━━ Provided material ━━

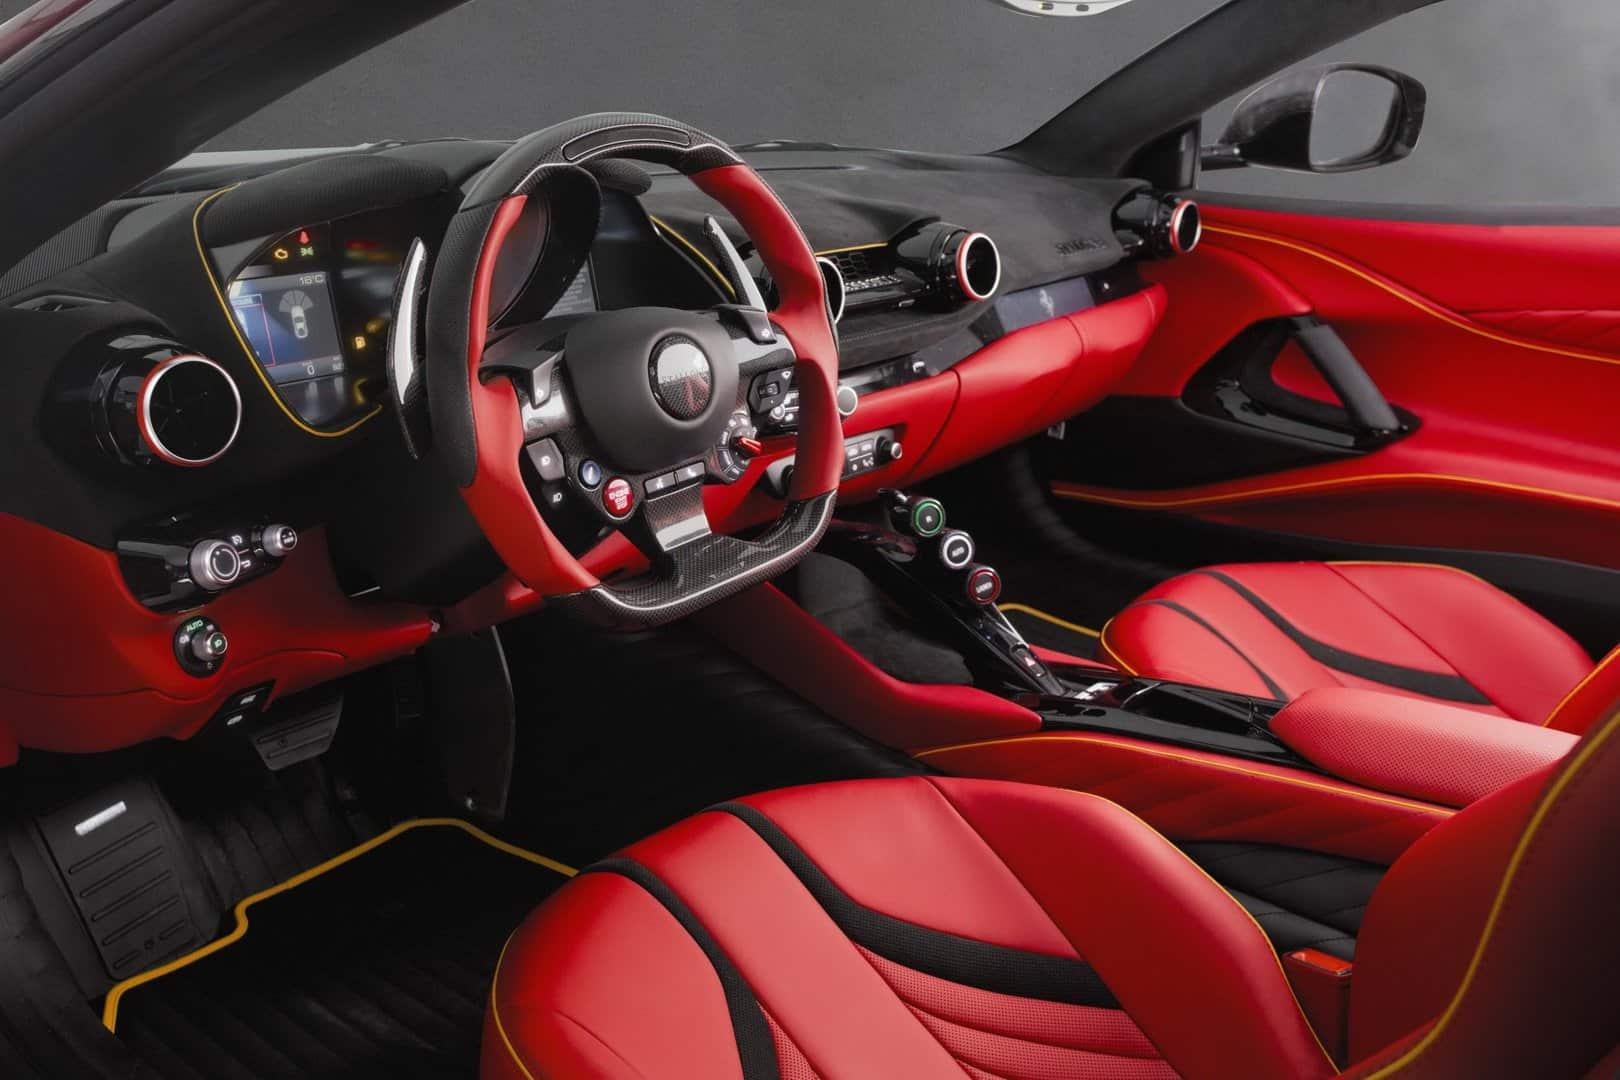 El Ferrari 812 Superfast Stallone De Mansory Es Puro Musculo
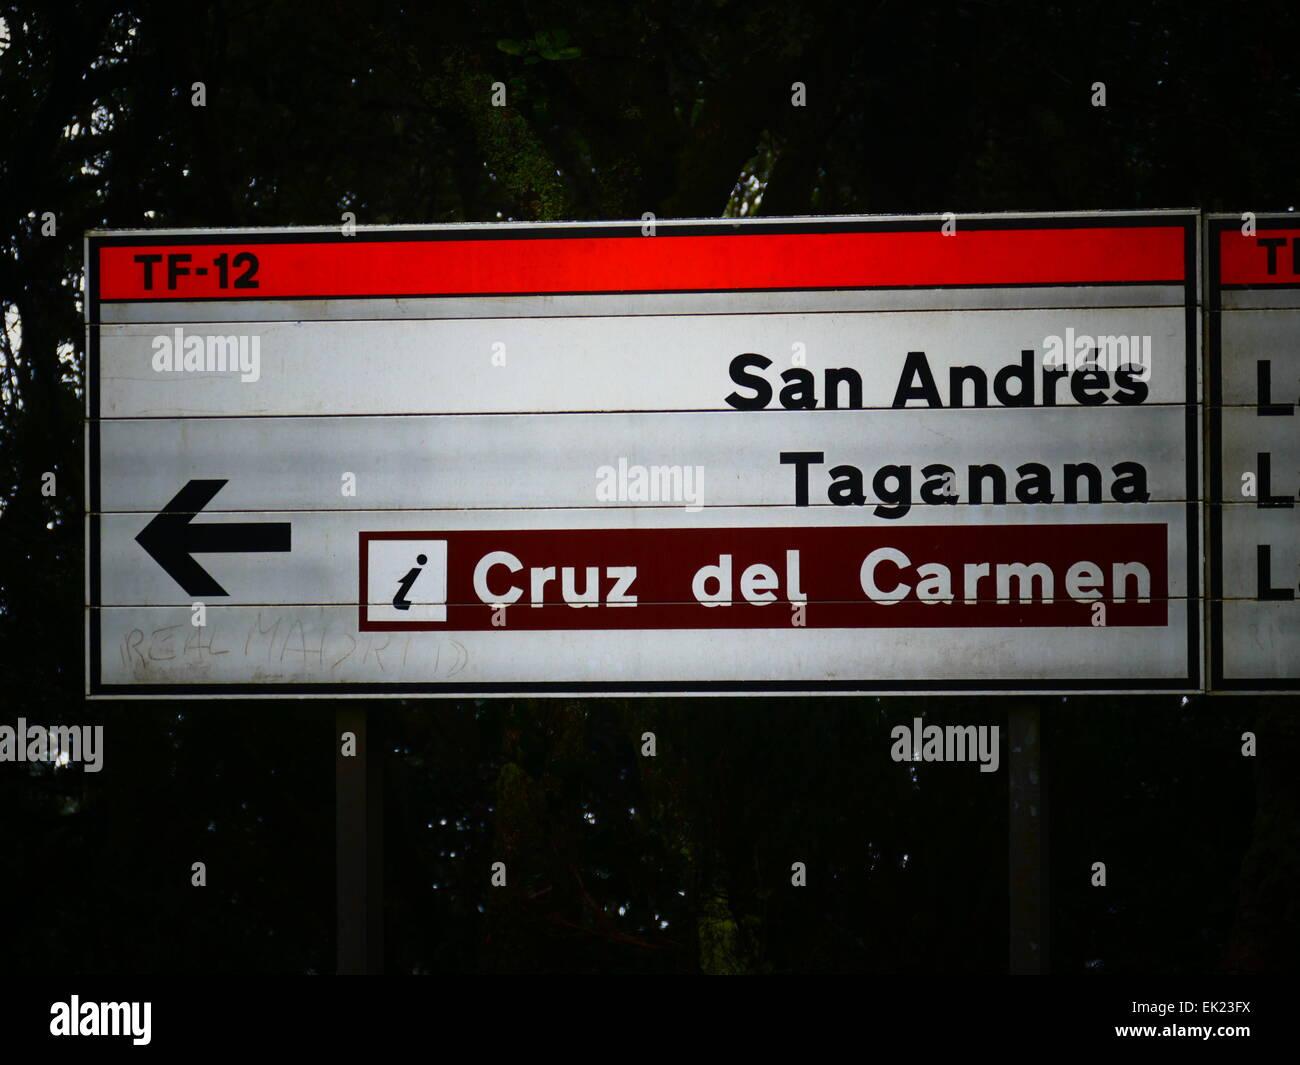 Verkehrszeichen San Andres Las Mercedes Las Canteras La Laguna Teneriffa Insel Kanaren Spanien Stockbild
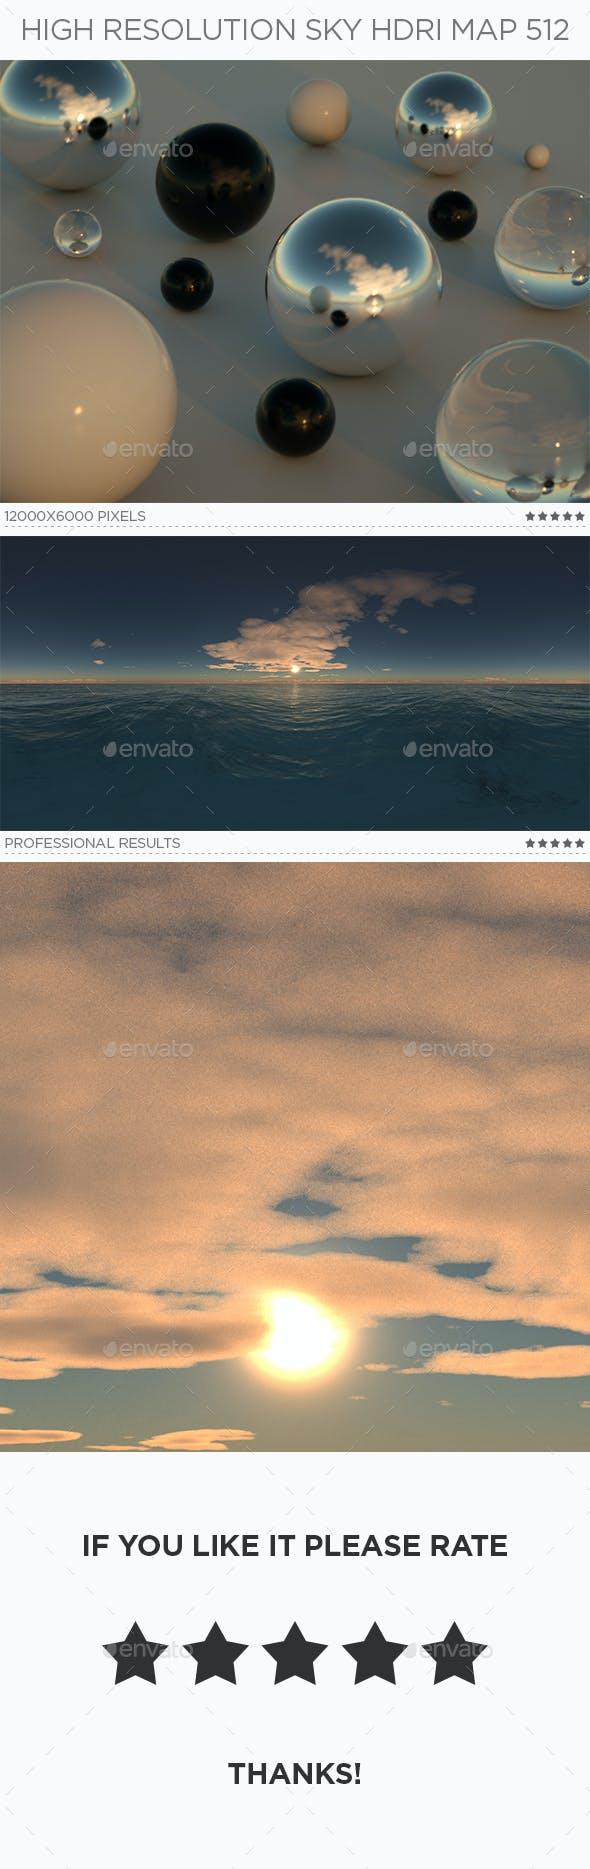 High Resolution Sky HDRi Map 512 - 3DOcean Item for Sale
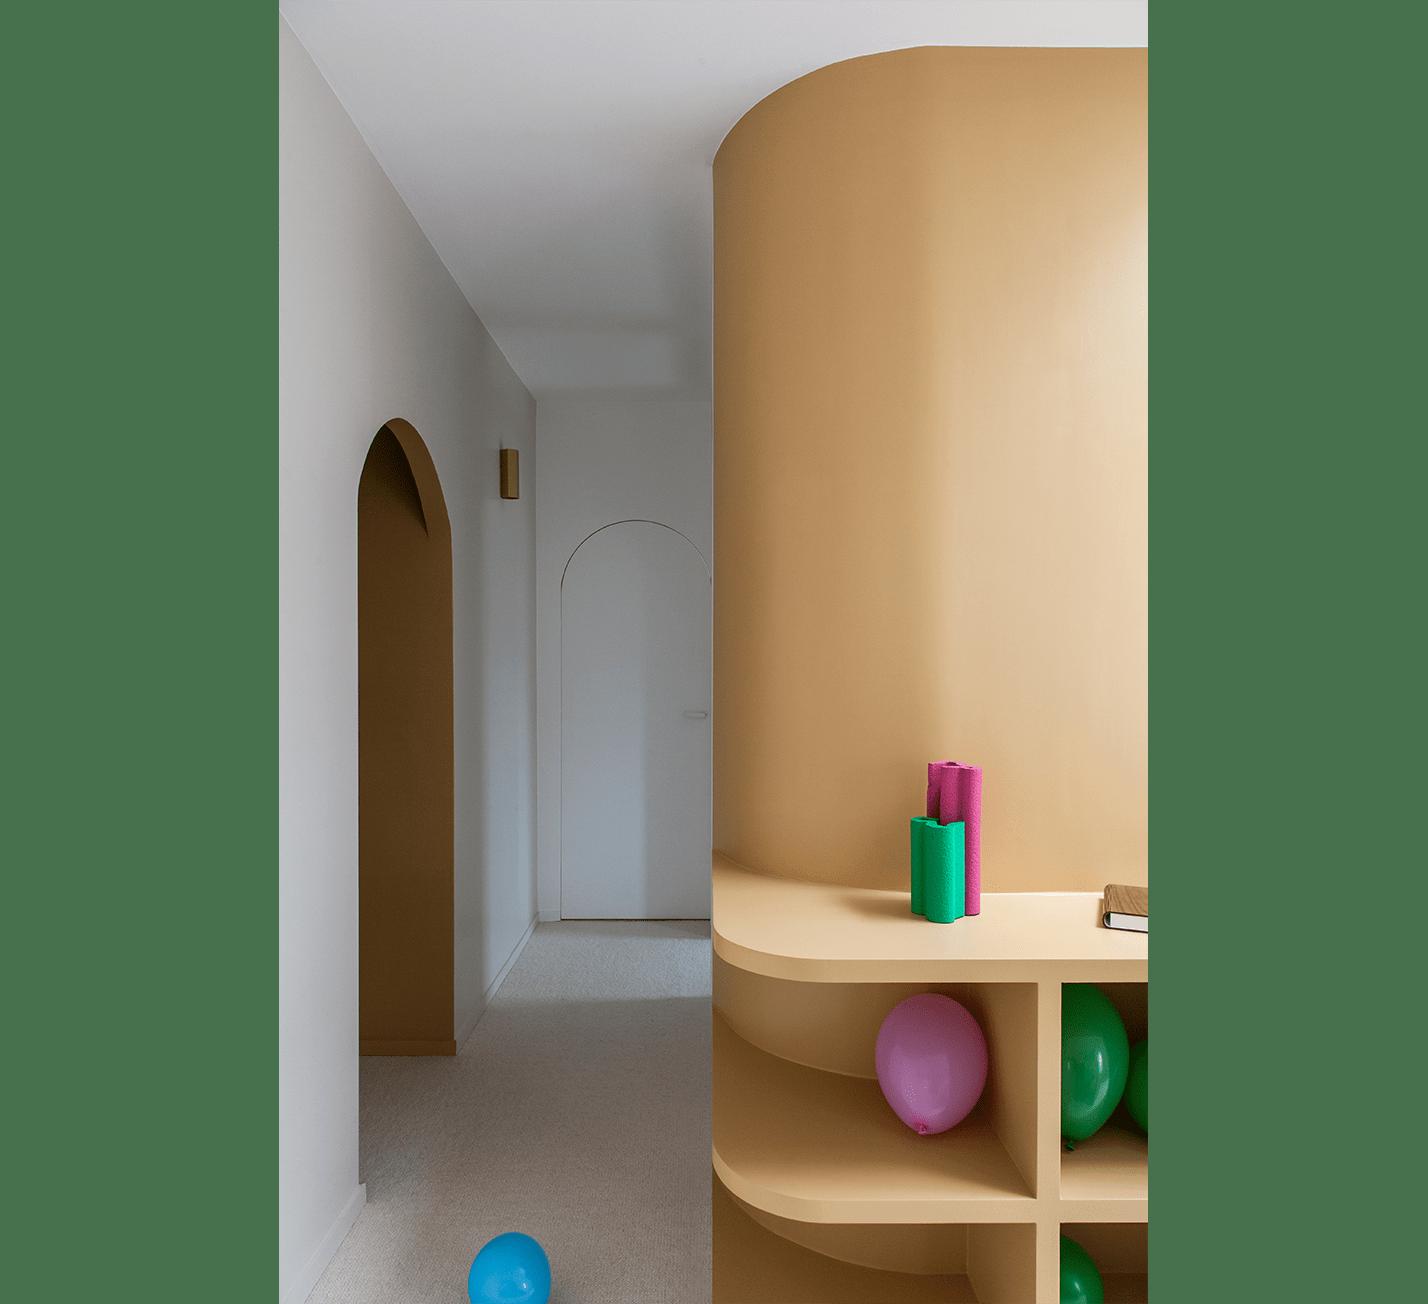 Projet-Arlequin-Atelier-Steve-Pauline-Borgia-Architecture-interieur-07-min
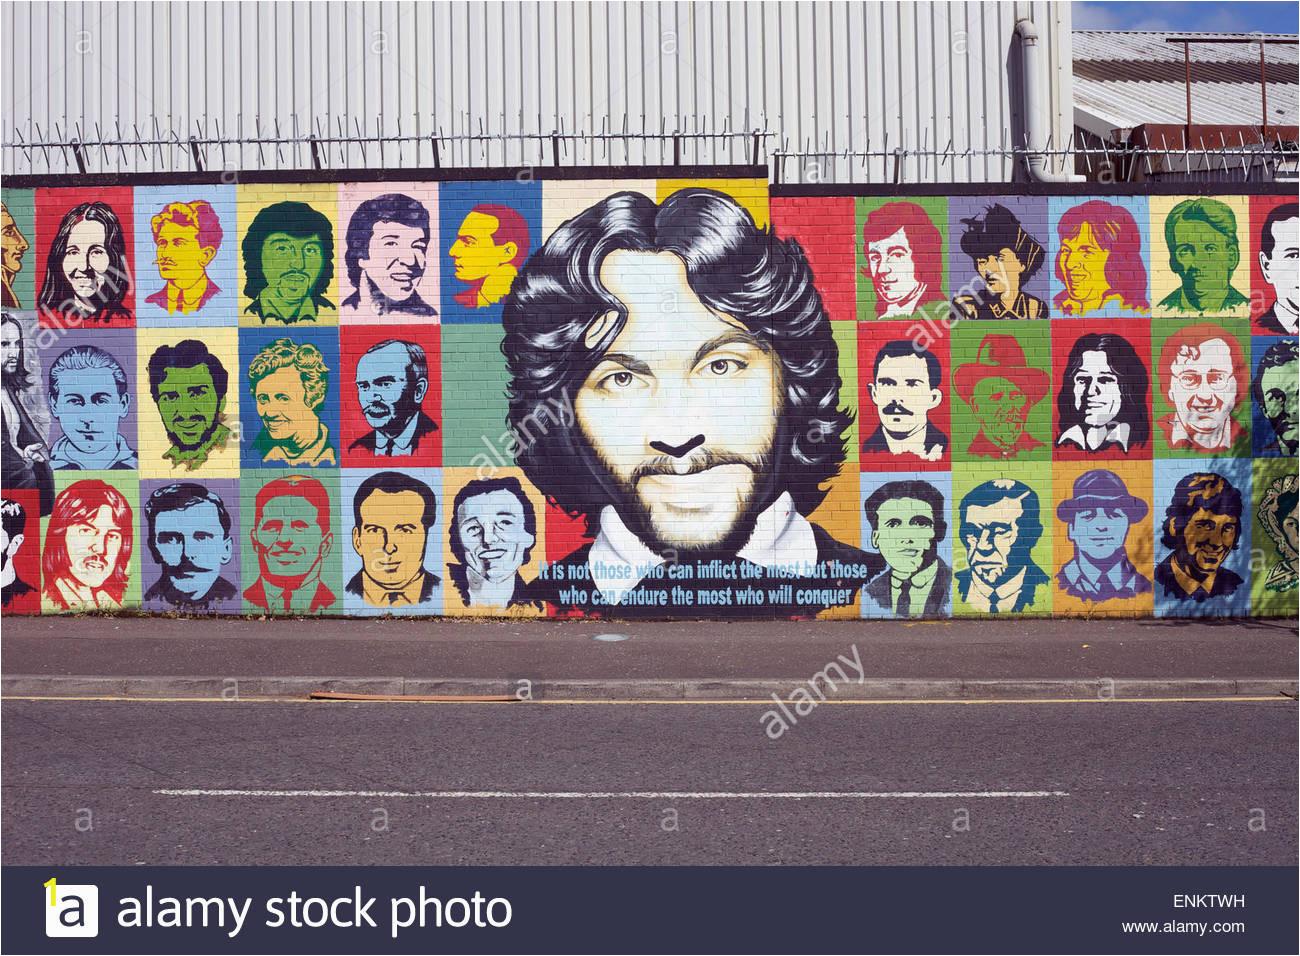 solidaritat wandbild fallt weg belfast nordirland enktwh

━━━

Assigned task –
What this calls for is the material above set down exactly, pictures excluded.

Answer to the exercise –
 El Ferrari 812 Superfast Stallone De Mansory Es Puro Musculo
 Verkehrszeichen San Andres Las Mercedes Las Canteras La Laguna Teneriffa Insel Kanaren Spanien Stockbild
 High Resolution Sky HDRi Map 512 - 3DOcean Item for Sale
 Projet-Arlequin-Atelier-Steve-Pauline-Borgia-Architecture-interieur-07-min
 solidaritat wandbild fallt weg belfast nordirland enktwh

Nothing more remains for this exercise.